■ Supplied data ■
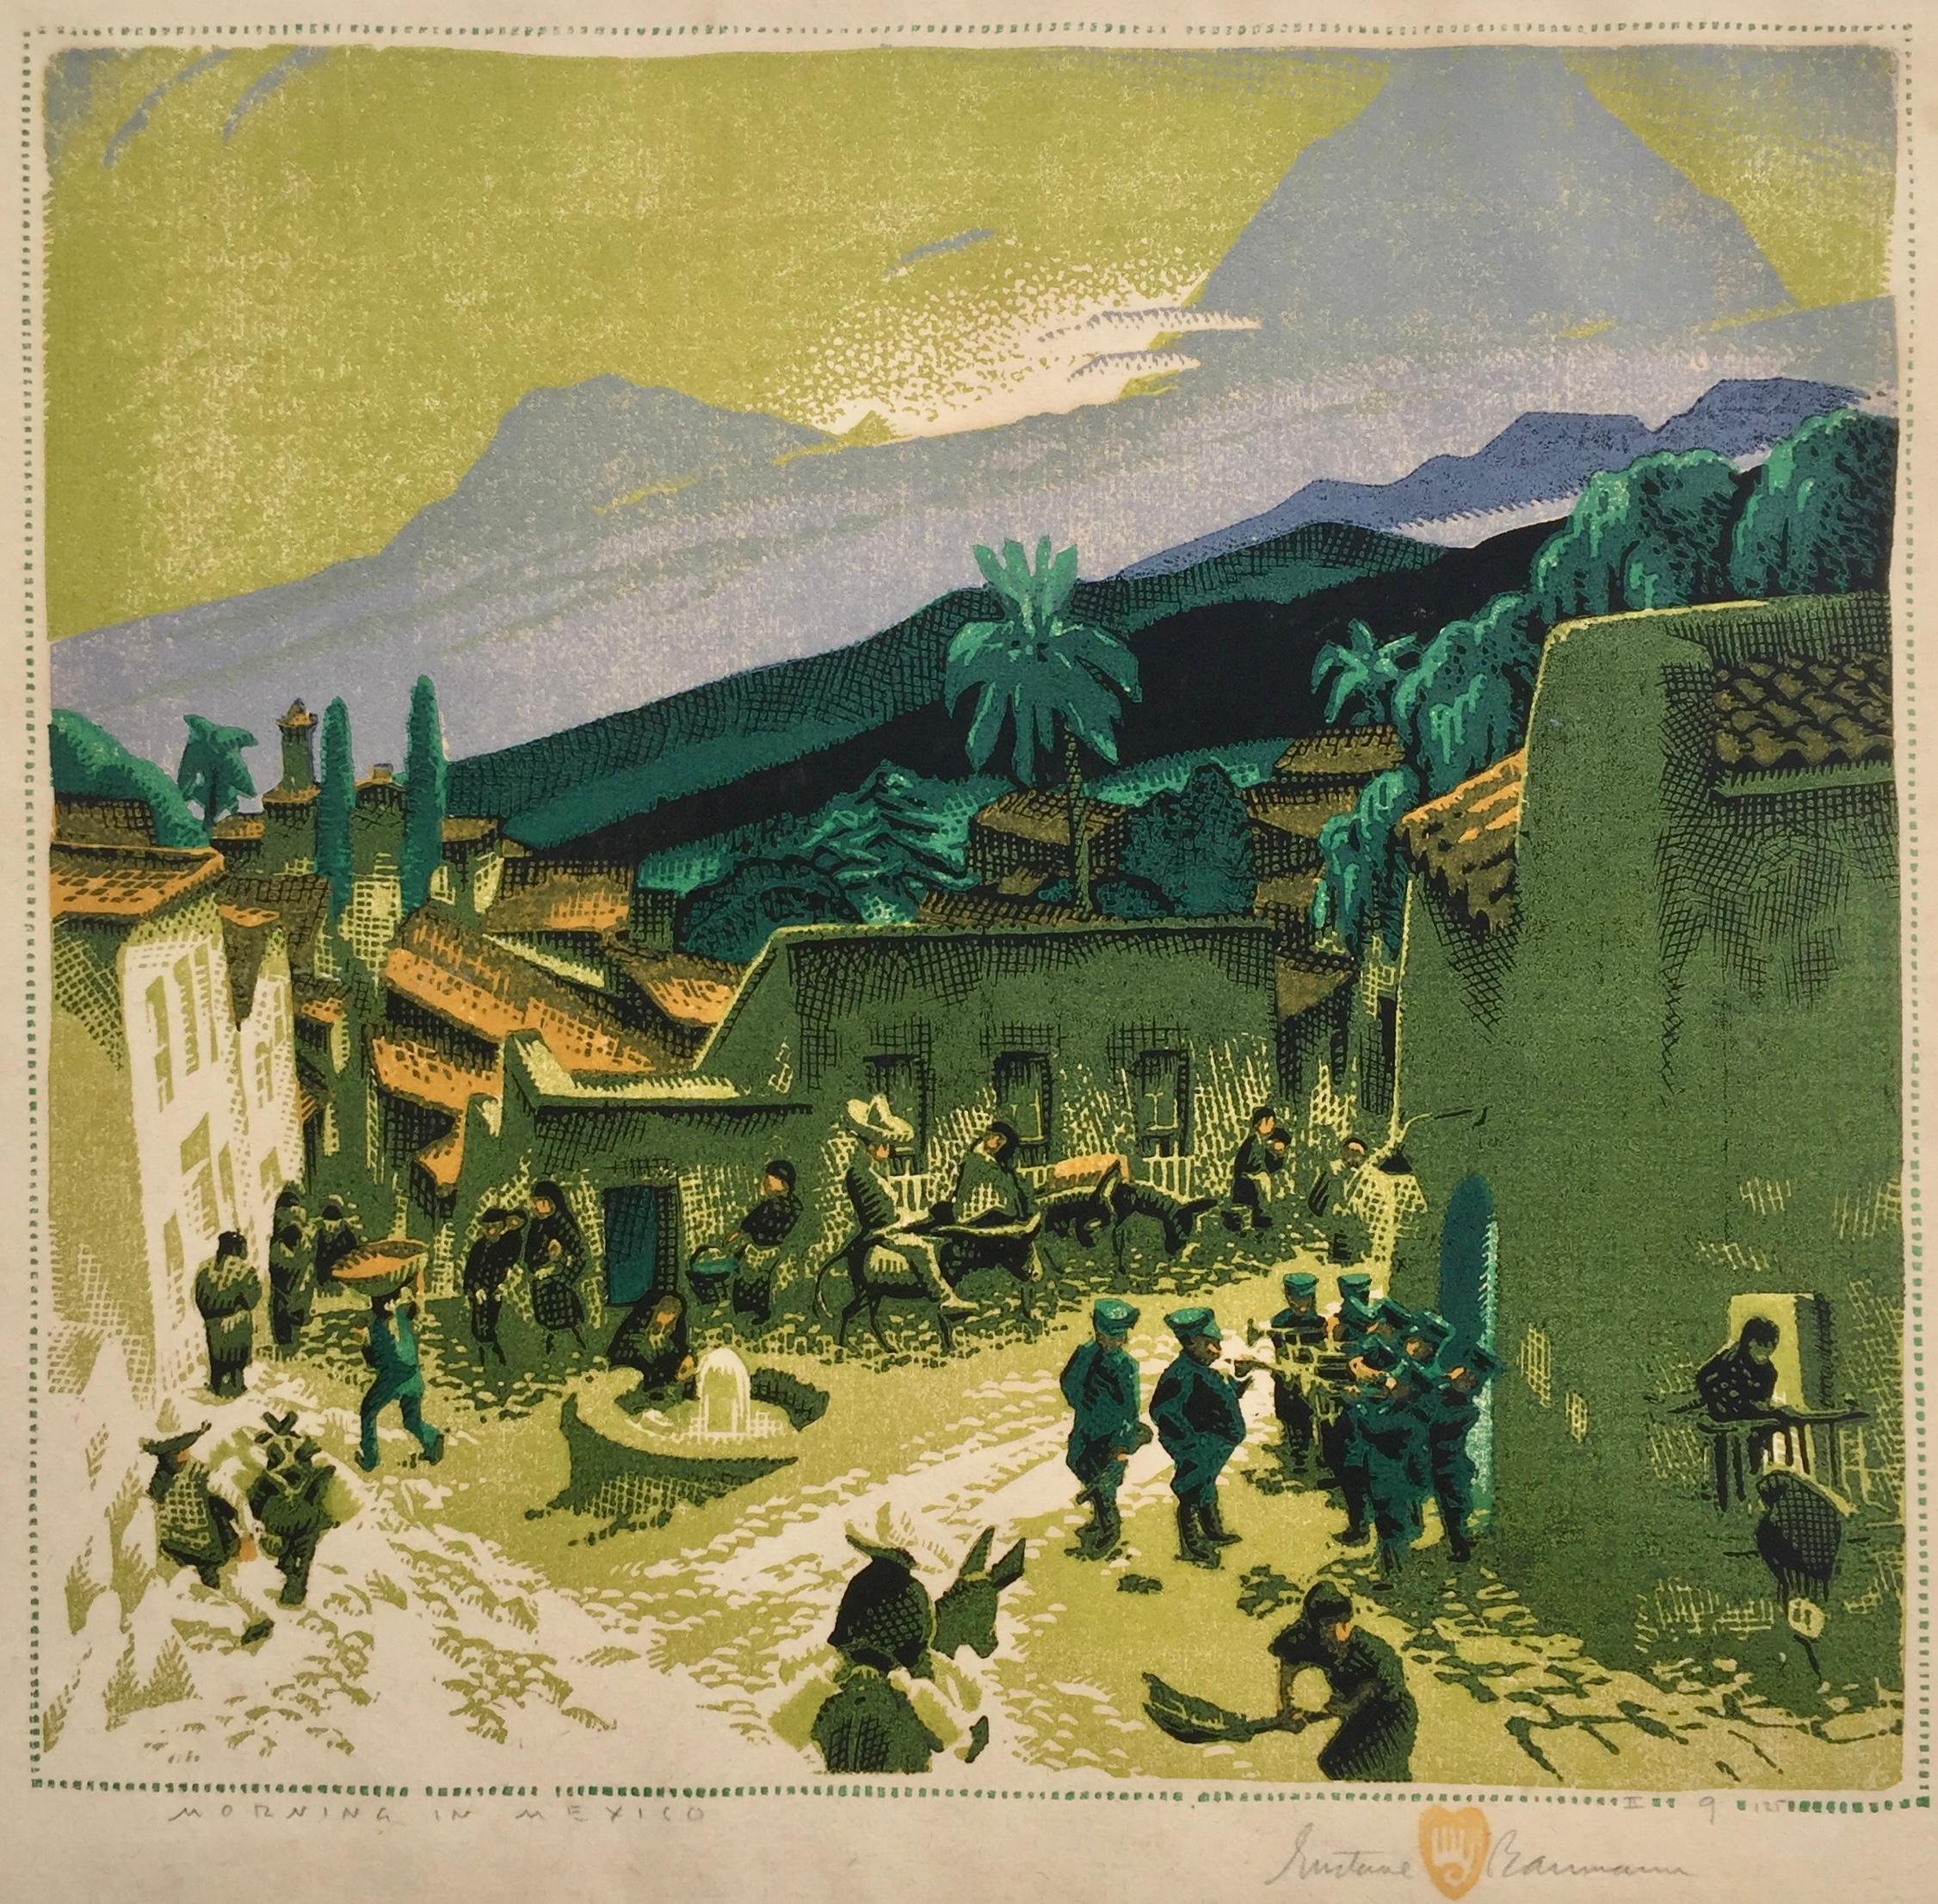 GUSTAVE BAUMANN (1881 -1971)

MORNING IN MEXICO 1934-36 (Chamberlain 143)
Color woodcut, 2nd version after Baumann discarded the first blocks. This version 1936.
POSSIBLY AN UNIQUE VARIANT IMPRESSION. DIFFERS FORM THE IMAGE IN THE CATALOG RAISONNE.

■ Action item ■
Output the material above exactly, without pictures.

■ Expected answer ■
 GUSTAVE BAUMANN (1881 -1971)

MORNING IN MEXICO 1934-36 (Chamberlain 143)
Color woodcut, 2nd version after Baumann discarded the first blocks. This version 1936.
POSSIBLY AN UNIQUE VARIANT IMPRESSION. DIFFERS FORM THE IMAGE IN THE CATALOG RAISONNE.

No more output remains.